Good luck with the project. I think I understand. There's often times I do things because it seems like the things to do. That's how we learn.

Harold
 
This was on webelements.com
(I don't know what would happen with the silver, but its information anyway. webelements.com is a good website.)

TELLURIUM
Isolation: it is not usually necessary to make tellurium in the laboratory as it is commercially available. While there are some tellurium ores, most tellurium is made as a byproduct of copper refining. Extraction is complex since the method employed will depend upon what other compounds or elements are present. The first step usually involves an oxidation in the presence of sodium carbonate (soda ash).

Cu2Te + Na2CO3 + 2O2 → 2CuO + Na2TeO3 + CO2

The tellurite Na2TeO3 is acidified with sulphuric acid and the tellurium precipitates out as the dioxide (leaving any selenous acid, H2SeO3, in solution). Tellurium is liberated from the dioxide by dissolving in sodium hydroxide, NaOH, and electroytic reduction.
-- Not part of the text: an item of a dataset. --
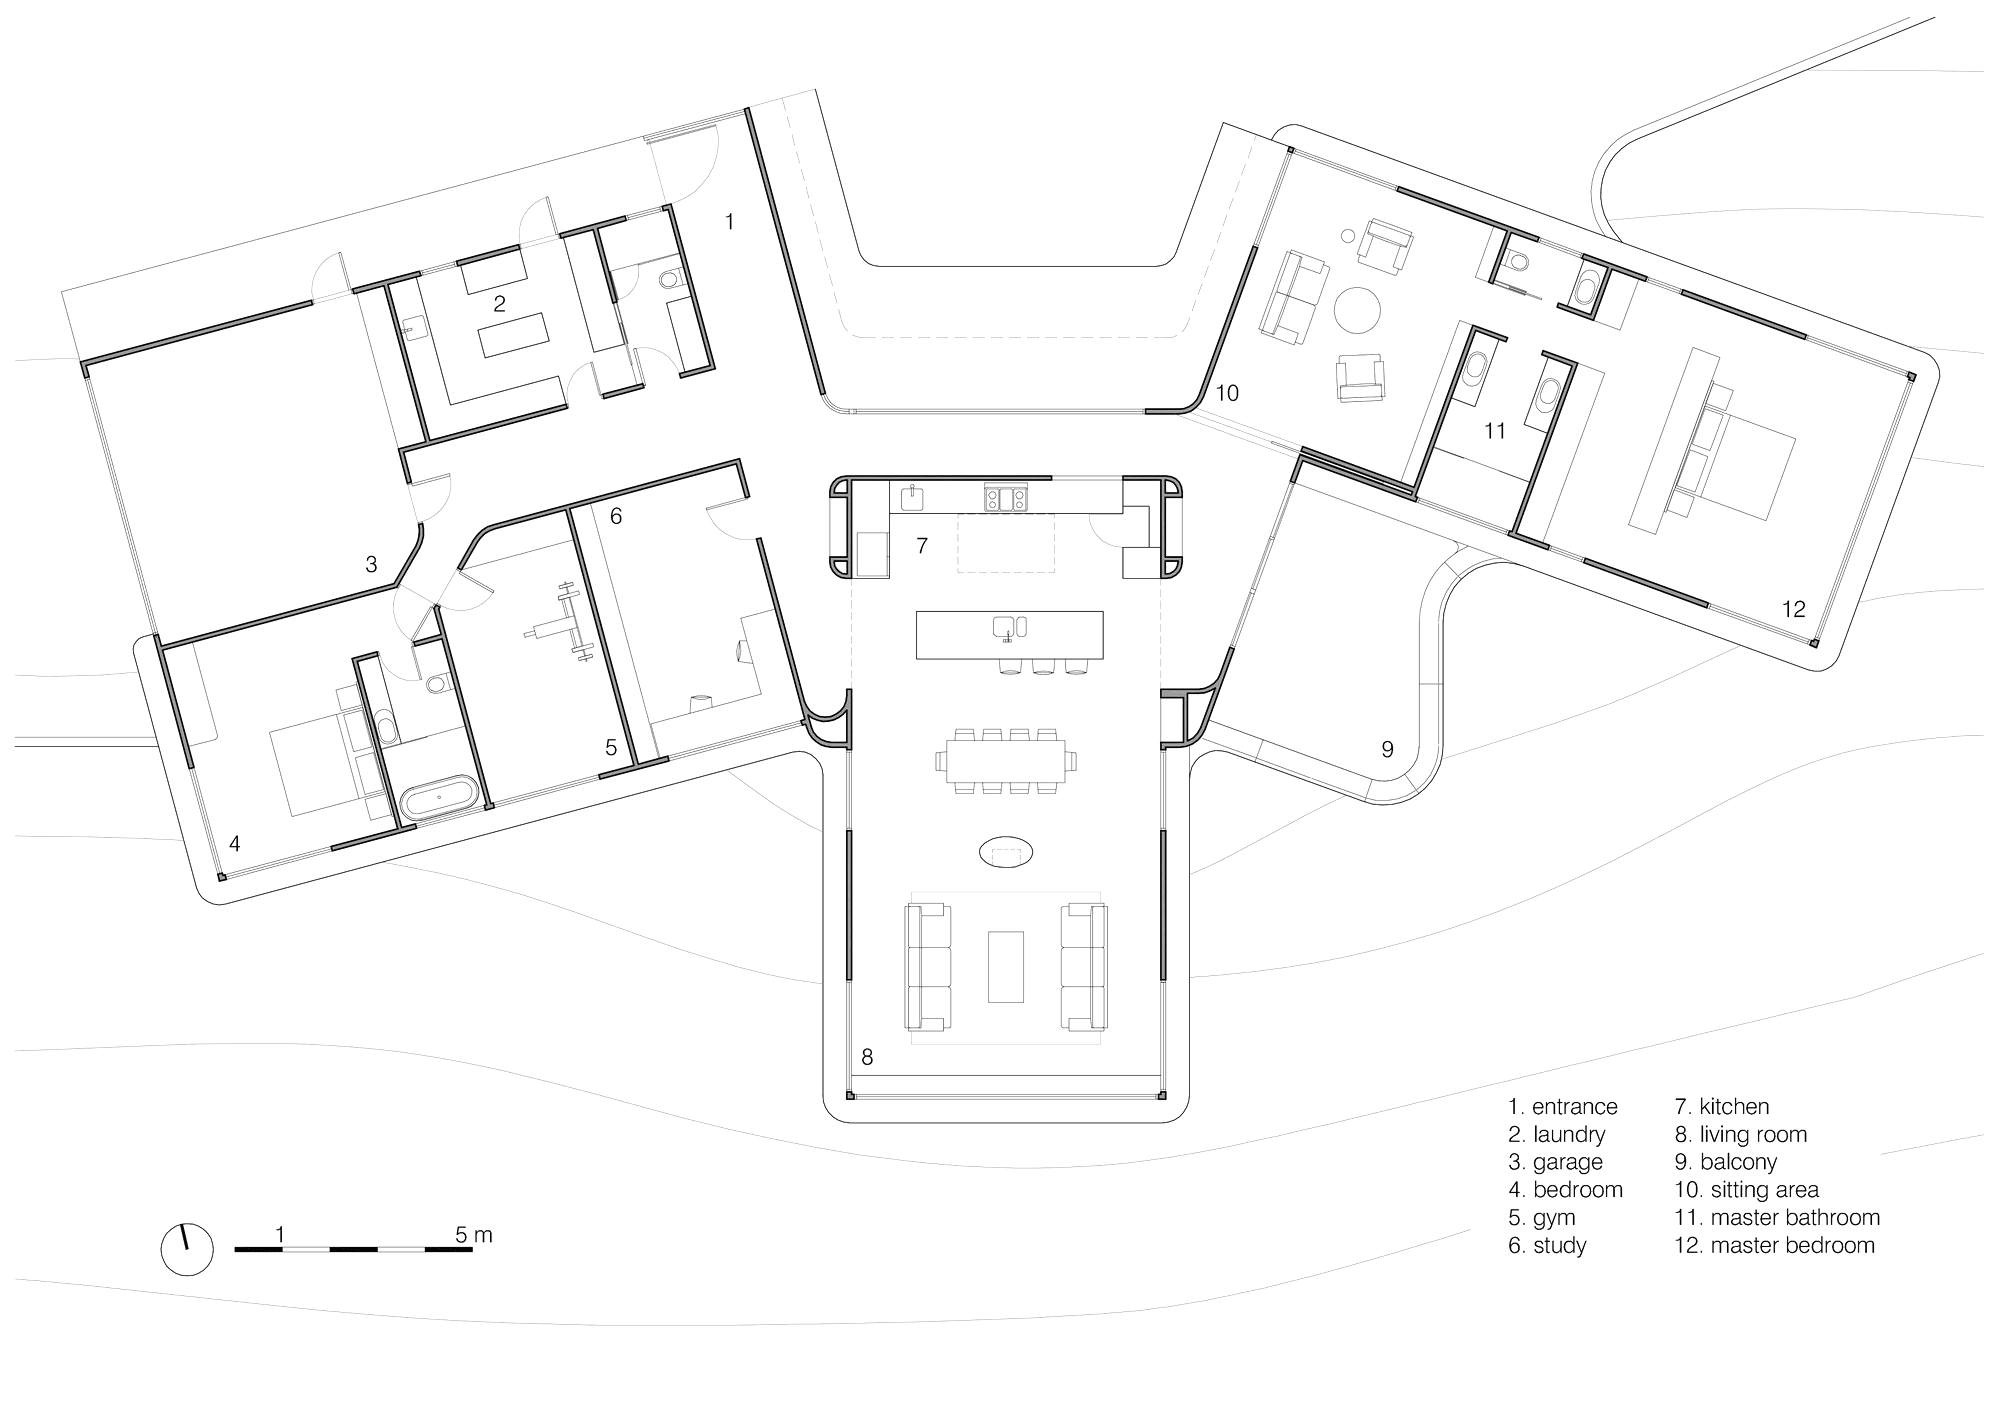 cbh floor plans lovely 20 inspirational garbett homes floor plans

TeO2 + 2NaOH → Na2TeO3 + H2O → Te + 2NaOH + O2
 
I would try precipitating Te with SnCl2 (like Se). What
you have to lose by trying?
If AgCl results, you may dissolve it with
Na2S2O3 (after good water rinse)
and prooceed from there
 
Here's a new twist to that story. So, I decided to go ahead and do a broad analysis of that ore concentrate. It seemed so strange that they got .7% gold with an induction oven while the analysis said .012% gold. The general analysis reads: 54% lead, 11% antimony, 3% copper, 2% silica, 1% silver, 1% iron, 1% sulphur and lots of oxygen(oxides). Hhhmmmm. Well, though I was begining to consider they had a fortunate combination for alchemical transmutation ;-) I now feel it is something more akin to the nutshell and marble trick. After all, hey, a hundred tons can fit into just a couple of trucks)))) At 7 kg a ton, maybe somebody went through the trouble to "exchange" the material with something that was somewhat similar. Theft. The owner doesn't even answer my messages, I guess he's the silent type in these matters)))
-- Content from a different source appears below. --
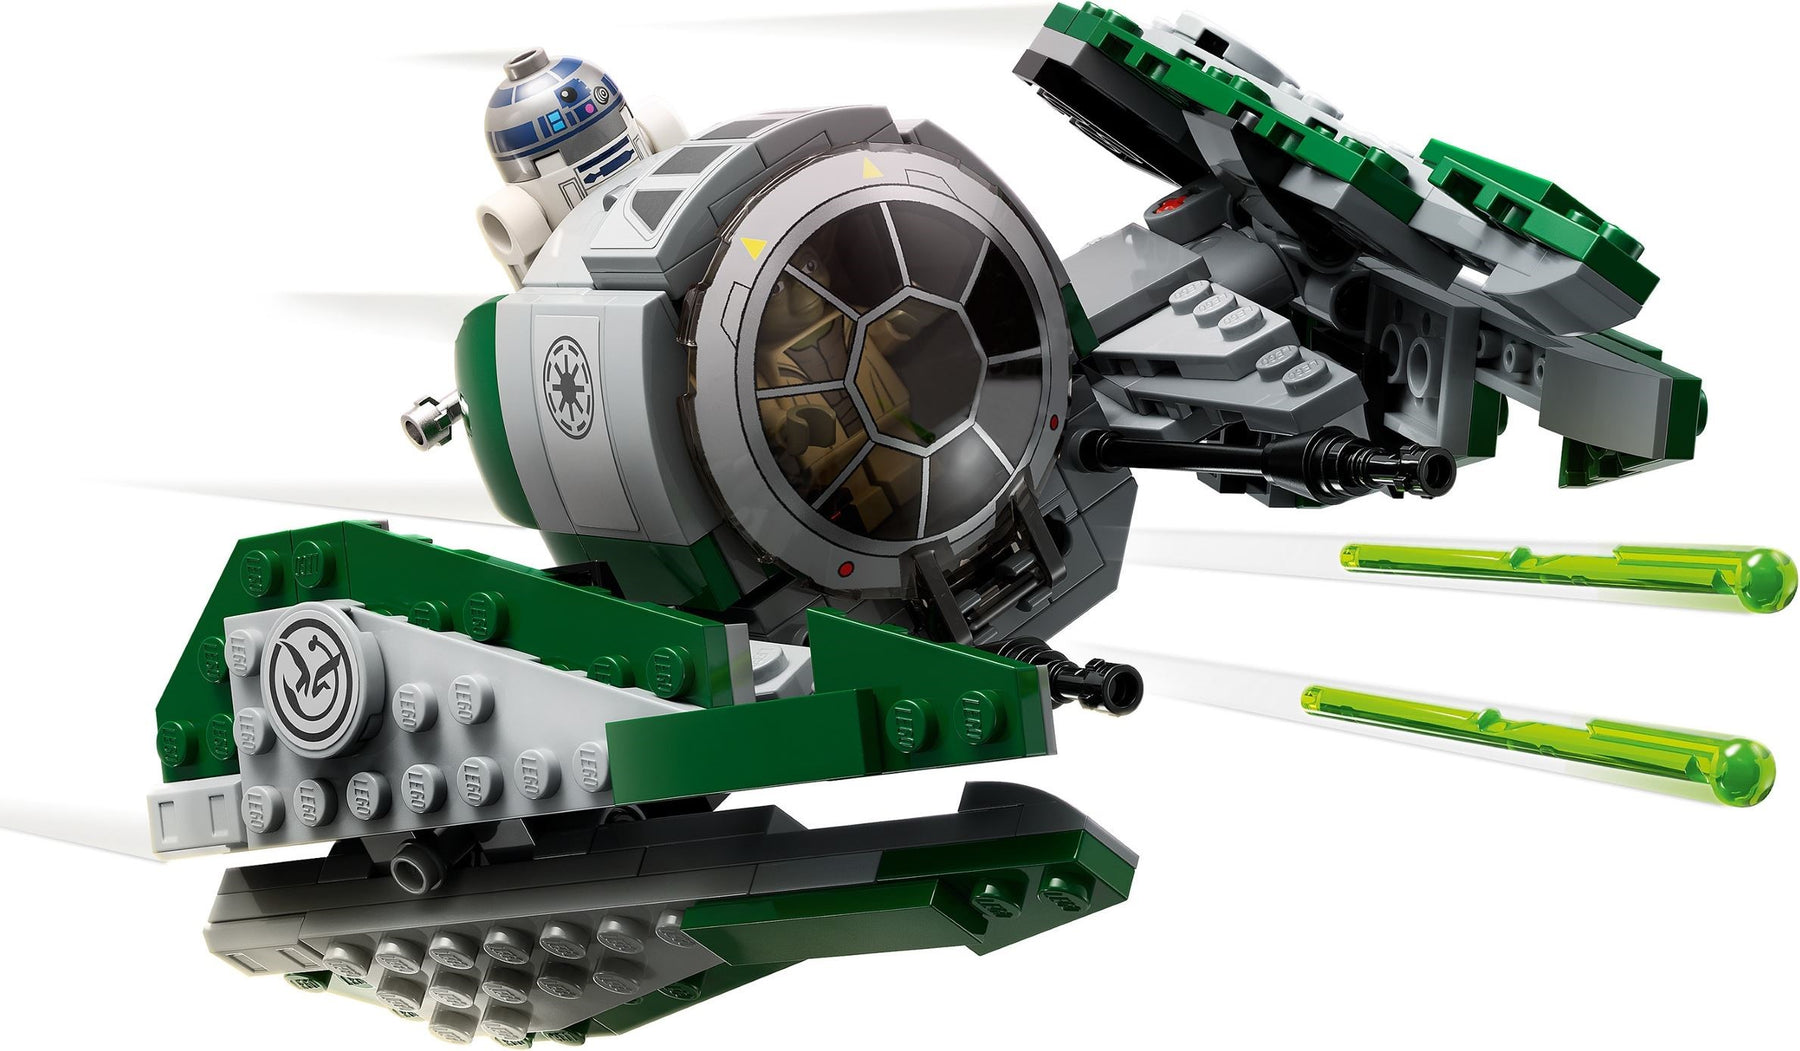 LEGO Star Wars 75360 Yodan Jedi Sarfighter

Well, with only a percent of silver in it))) I'm not going to bother. I have a friend that's offered me some old banged up silverware, that sounds much better.
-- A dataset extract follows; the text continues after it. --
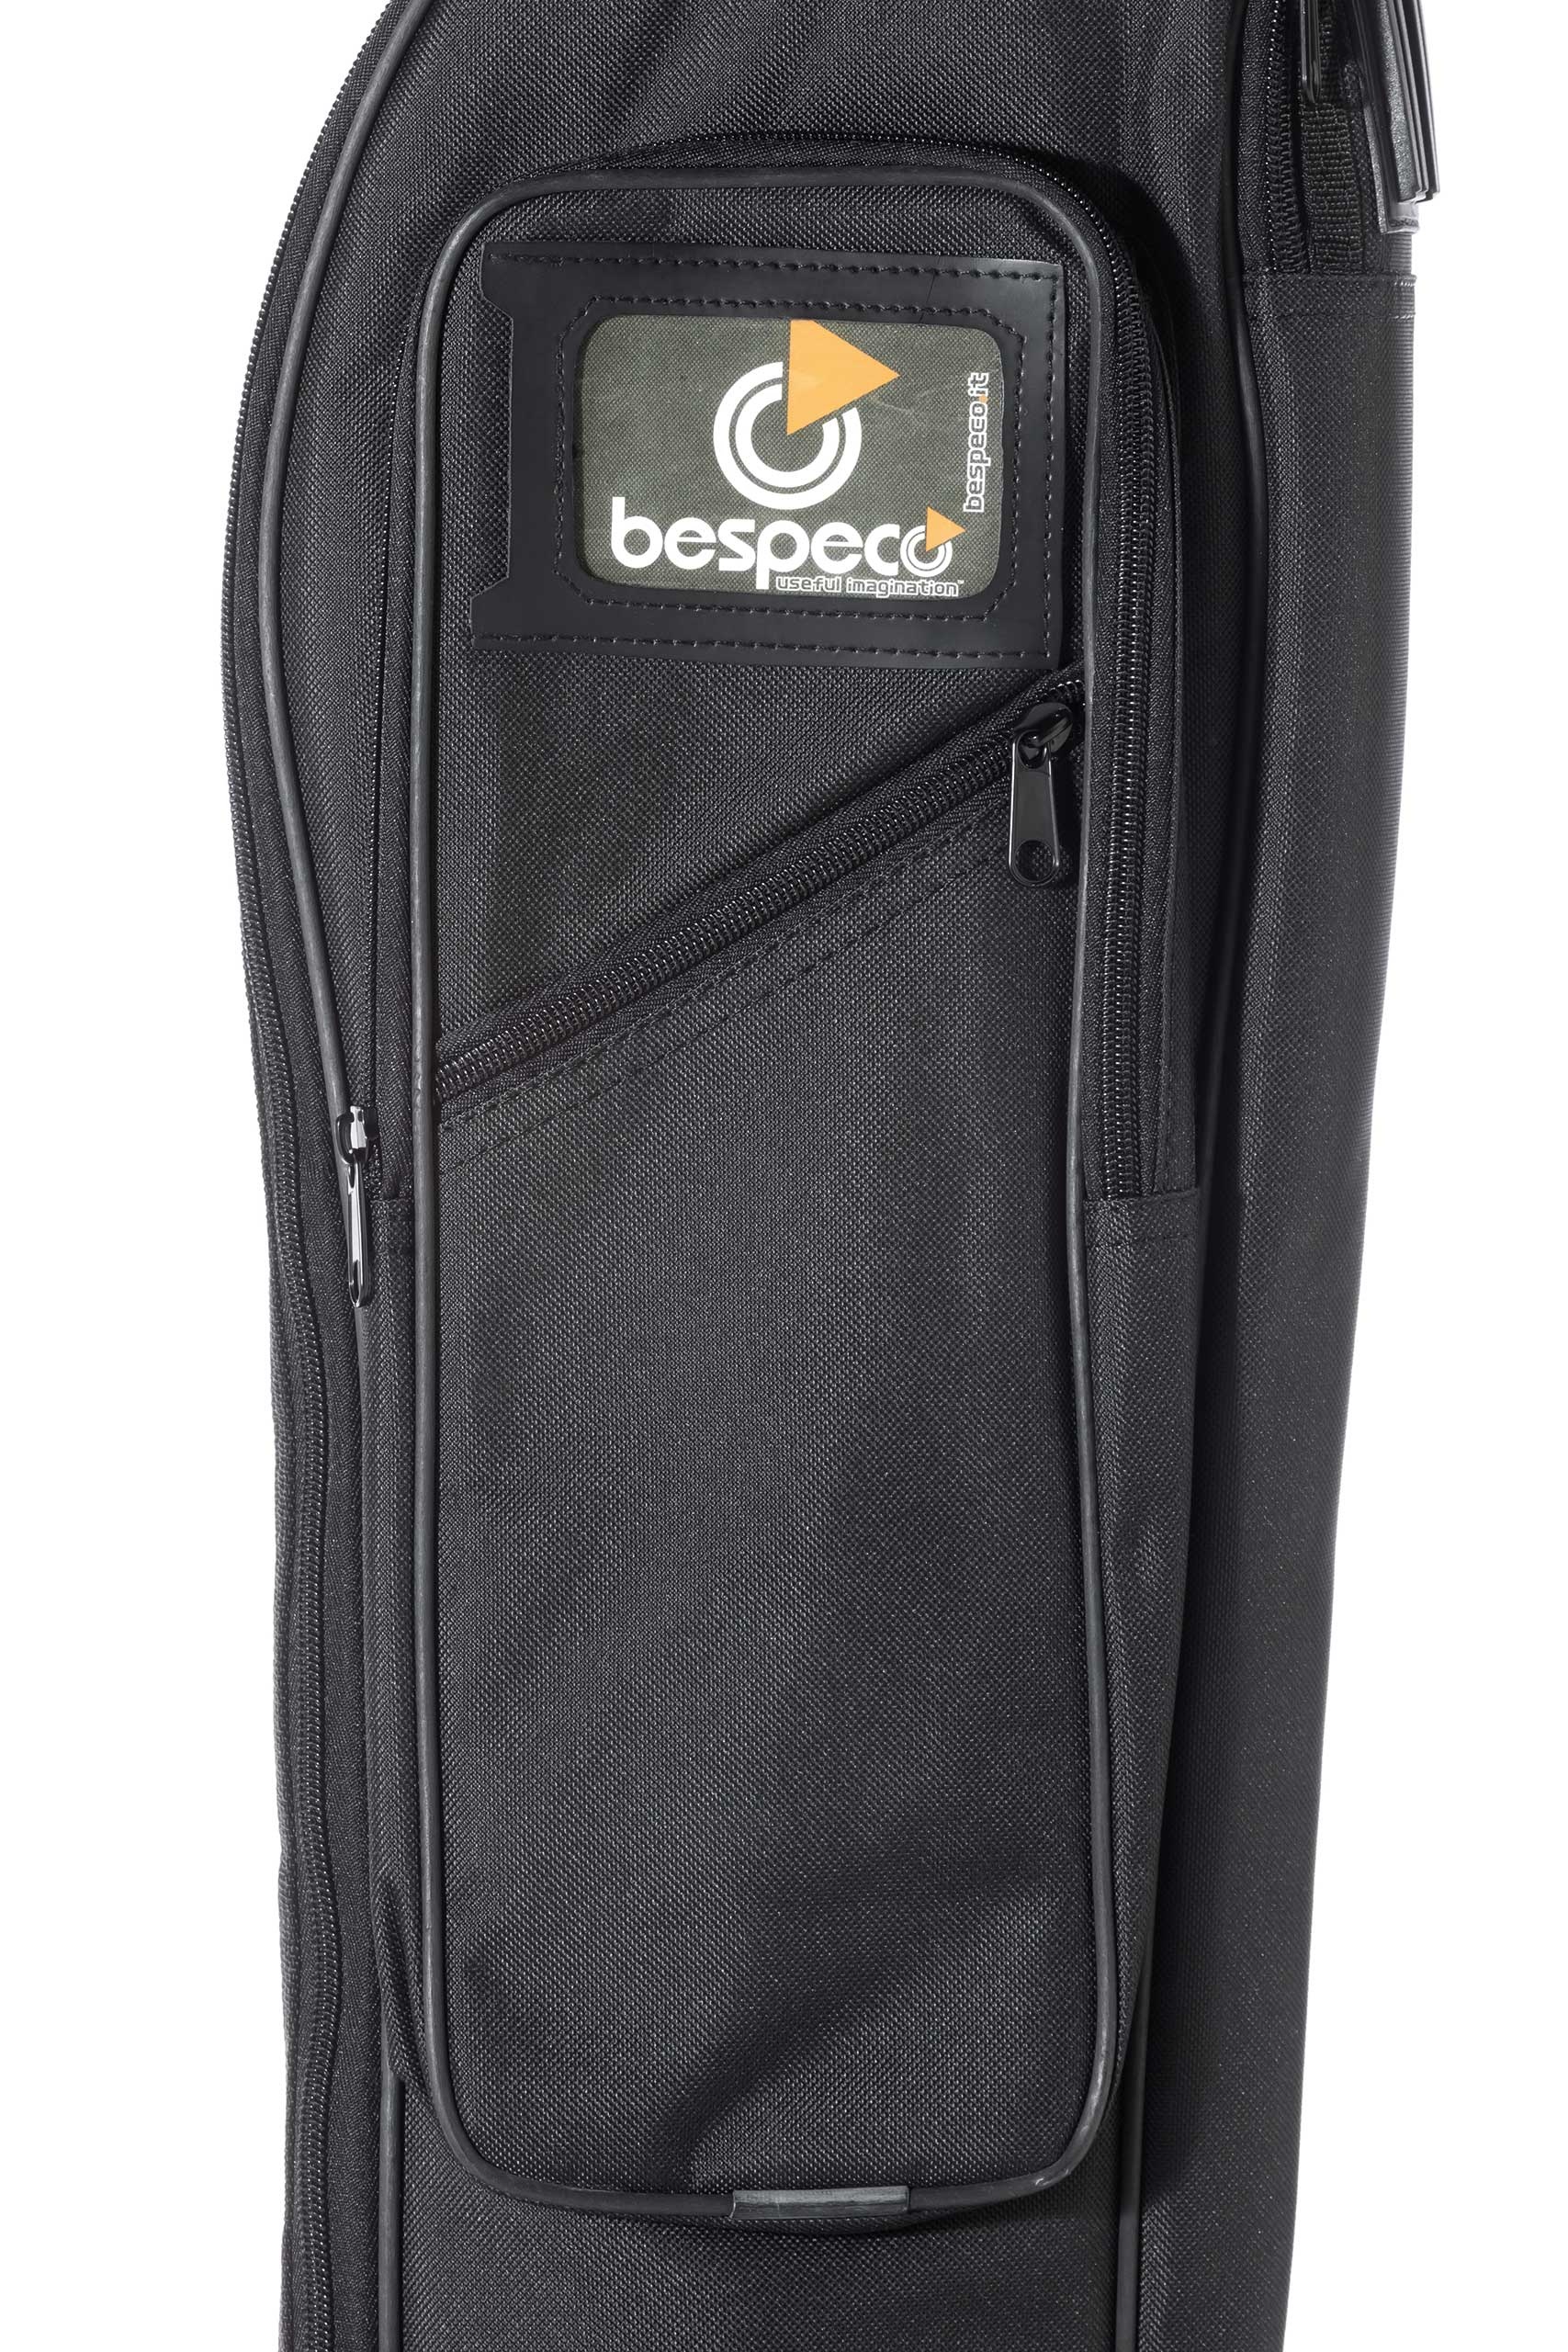 bag230bg-borsa-per-basso-elettrico-imbottitura-15-mm-nera

I can buy 67% nitric at one chemicals and lab equipment shop here in Moscow. About $3 per liter. The 70% stuff is available in .5 liter bottles at the radio parts flea market. I get my 40% HCl there, it's rockin stuff! Makes great AR with the 70% Nitric. I can buy as many bottles as I want if I agree in advance for them to bring it. They say that the canisters and tanks of it require special liscences to transport and they don't deal with them. My projects are quite small though and a backpack full is quite enough for me. I always bring extra newspaper and pack the bottles myself)))

Here's a copy of that patent which I refered to. It dissolved that last antimony material that the AR wouldn't. It did turn it partially into solid sulfides, which dissolved easily in AR leaving behind only very fine silica sand which it had alomost completely dissolved. It dissolved all the black sand too, easily.